Rispetto agli isolanti tradizionali – lana di roccia, fibre ceramiche, fibre vetrose non trattate – presentano:
- Maggiore resistenza termica (fino a 1200°C);
- Stabilità dimensionale anche in ambienti aggressivi;
- Assenza di rilascio di sostanze pericolose;
In sintesi: sono materiali progettati per proteggere impianti e persone, anche nei punti critici come giunti, turbine, compensatori e flange.
Perché sono così importanti?
Perché non tutti gli isolanti sono uguali.
A certe temperature, isolanti tradizionali contenenti calcio possono reagire con acciai al cromo e ossigeno, formando cromo esavalente – una sostanza classificata come cancerogena di categoria 1B.

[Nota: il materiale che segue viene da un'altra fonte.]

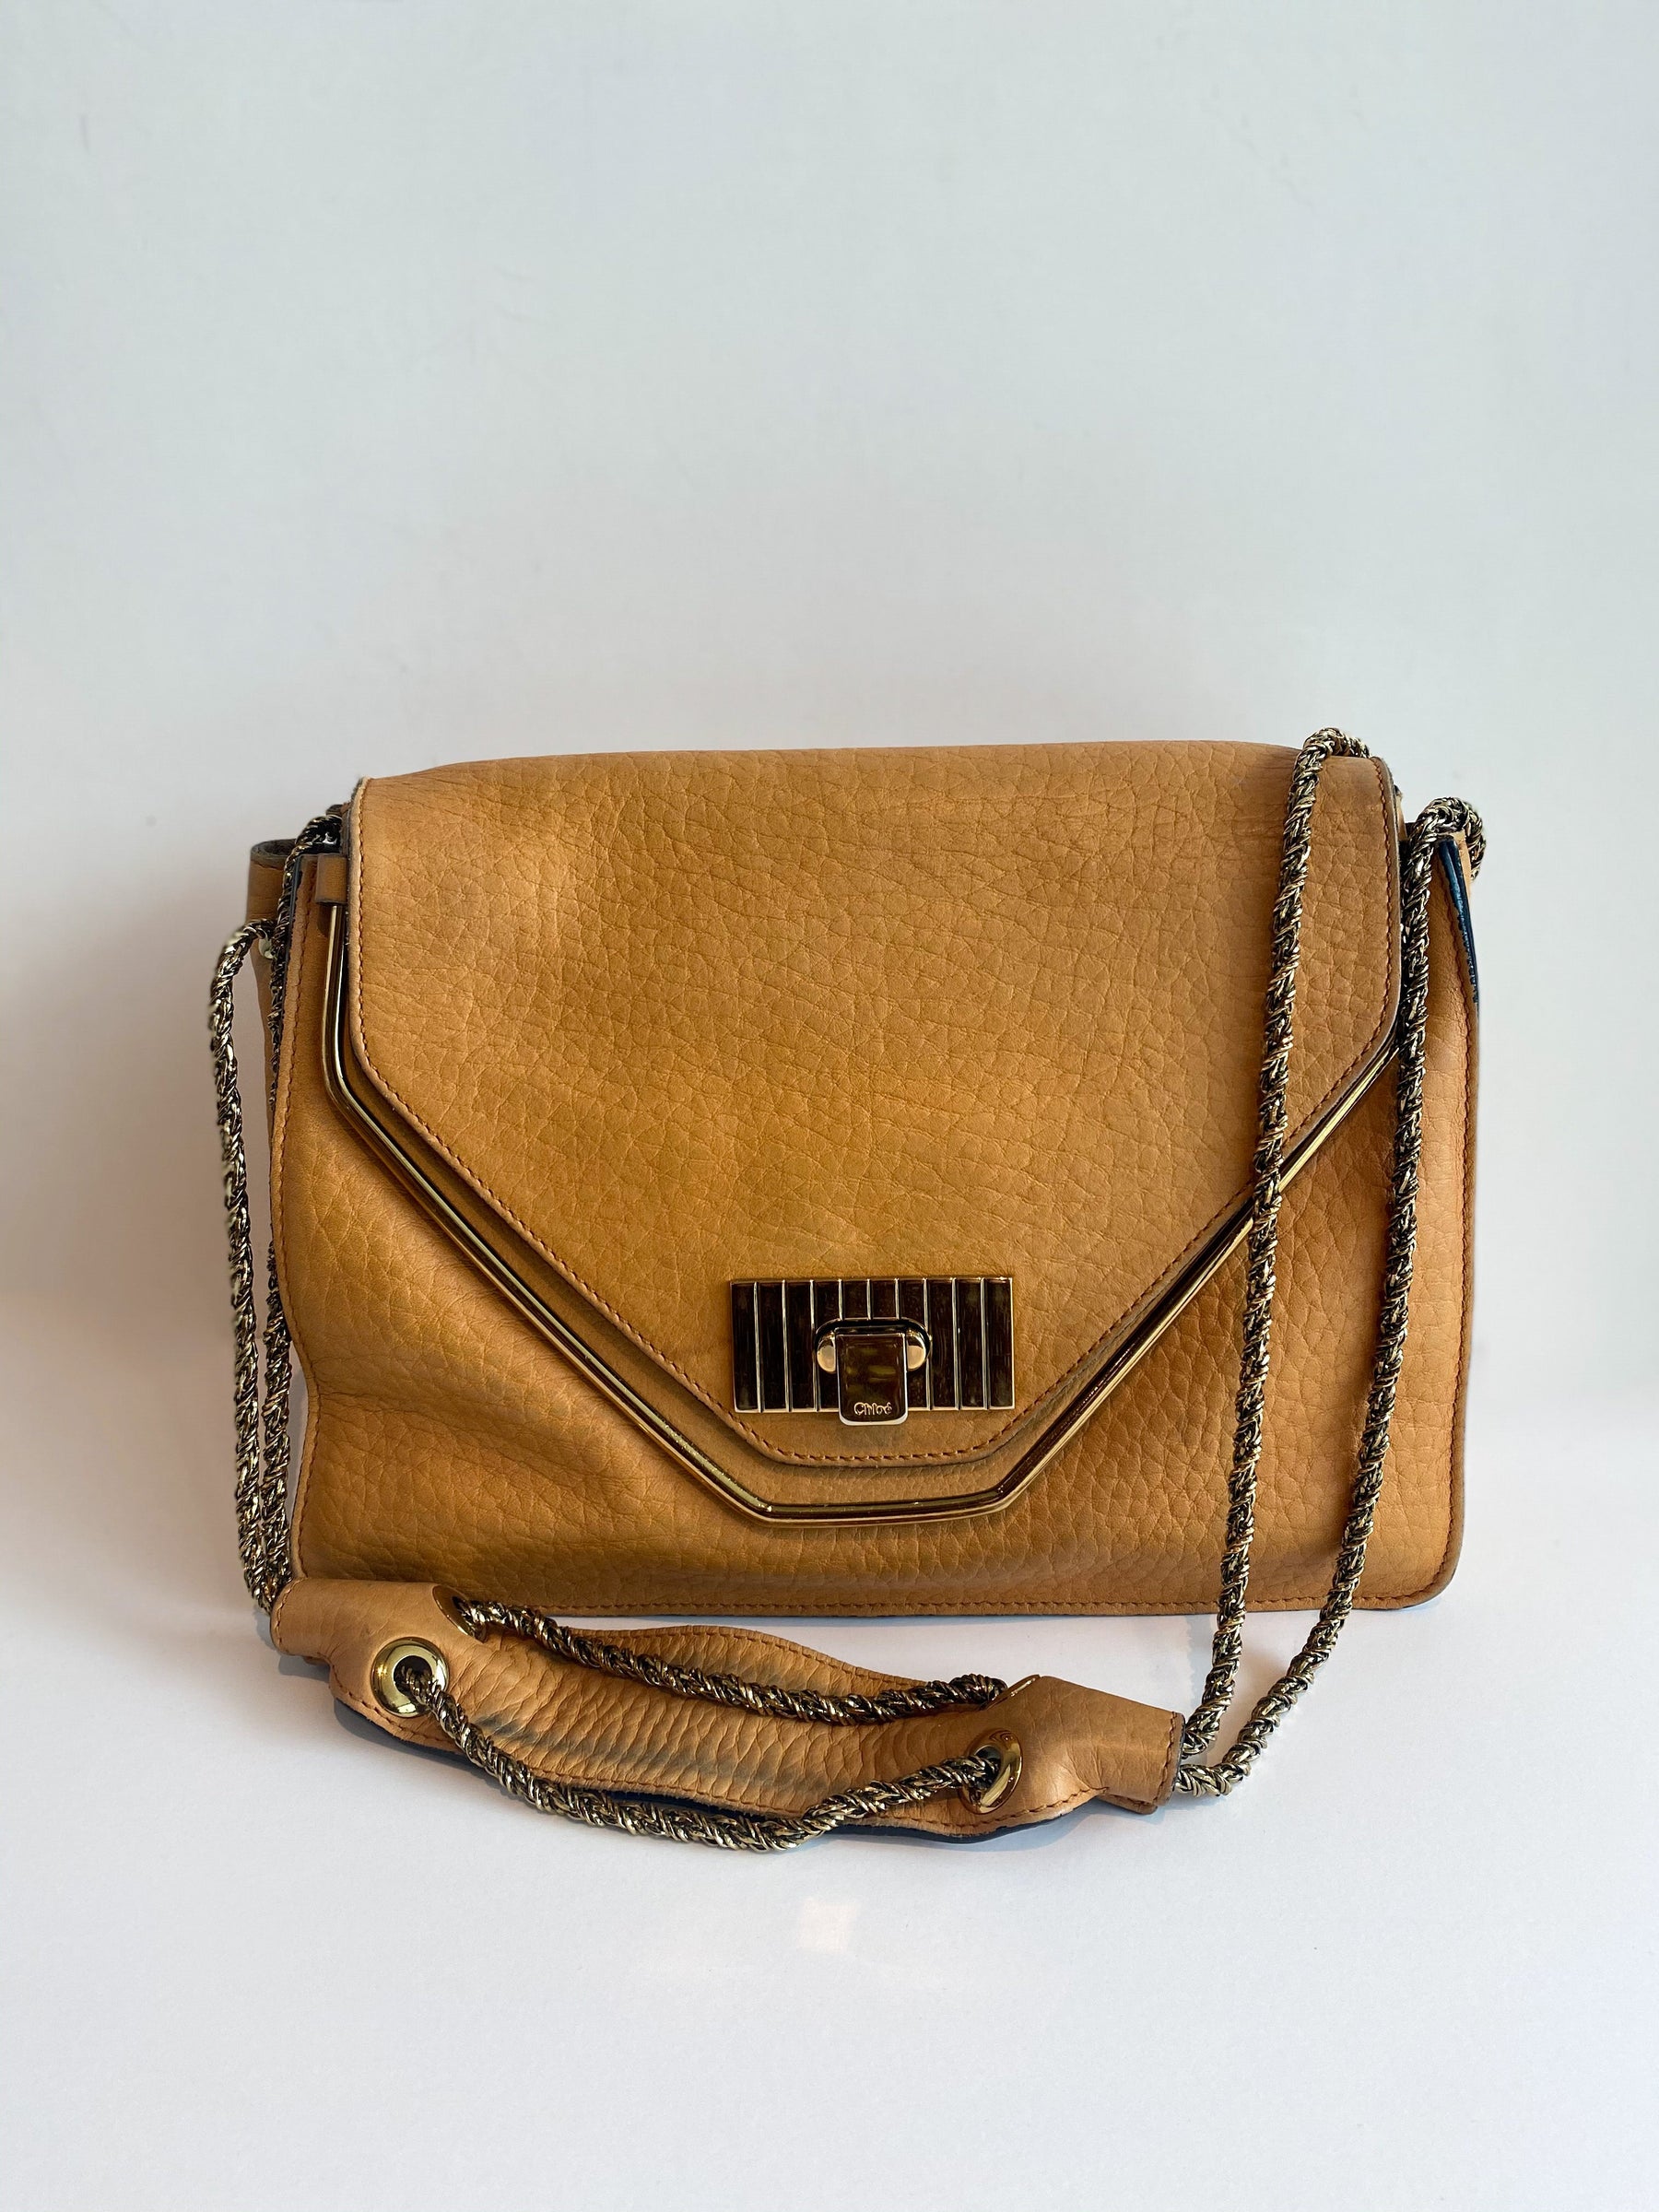 Chloe Sally Bag Flap Handbag Tan Leather

Con i materiali “calcium free” questo rischio viene eliminato alla radice: non c’è calcio, quindi non si innesca alcuna reazione.
E questo significa:
- Meno esposizione per gli operatori;
- Nessuna bonifica straordinaria;
- Maggiore facilità nel rispettare le normative (come il Regolamento REACH e il D.Lgs. 81/2008);
- Meno sorprese durante audit e ispezioni ambientali o HSE.
I vantaggi per la tua azienda
Adottare materiali “calcium free” significa:
- Ridurre i rischi chimici legati alla formazione di cromo esavalente.

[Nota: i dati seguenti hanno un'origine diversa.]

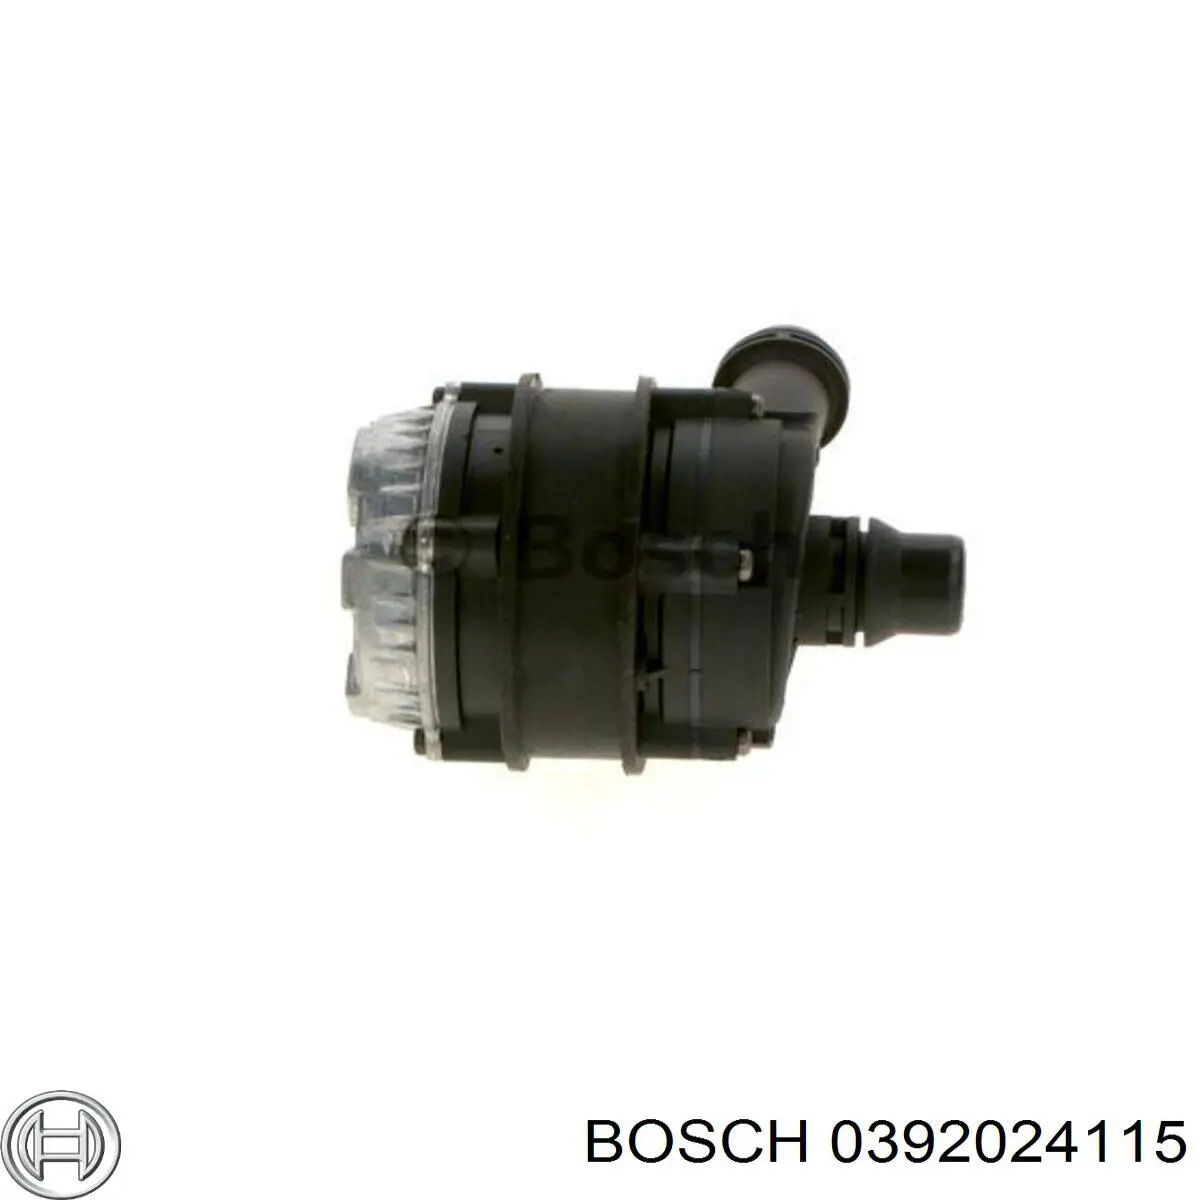 0392024115 Bosch bomba de água (bomba de esfriamento, adicional elétrica)

- Tutelare la salute dei lavoratori con soluzioni sicure anche in condizioni critiche.
- Snellire le procedure HSE ed evitare costose bonifiche.
- Allungare la durata degli isolanti anche in ambienti aggressivi.
- Gestire meno imprevisti, più controllo e conformità normativa.
Non è solo una scelta tecnica: è un modo di lavorare più consapevole, moderno e responsabile.
Green Flex: più di un prodotto, una scelta responsabile
Scegliere materiali più sicuri significa investire in impianti più affidabili, operatori più protetti e aziende più solide. E i materiali “calcium free”, come quelli utilizzati nella produzione dei manufatti della linea Green Flex, rappresentano oggi lo standard tecnico per chi lavora ad alte temperature e vuole eliminare il rischio alla radice.
Green Flex è progettato per non generare cromo esavalente, anche nelle condizioni più critiche, e per offrire prestazioni stabili, durature e conformi alle normative più esigenti.
Vuoi sapere se il tuo impianto utilizza ancora materiali potenzialmente a rischio?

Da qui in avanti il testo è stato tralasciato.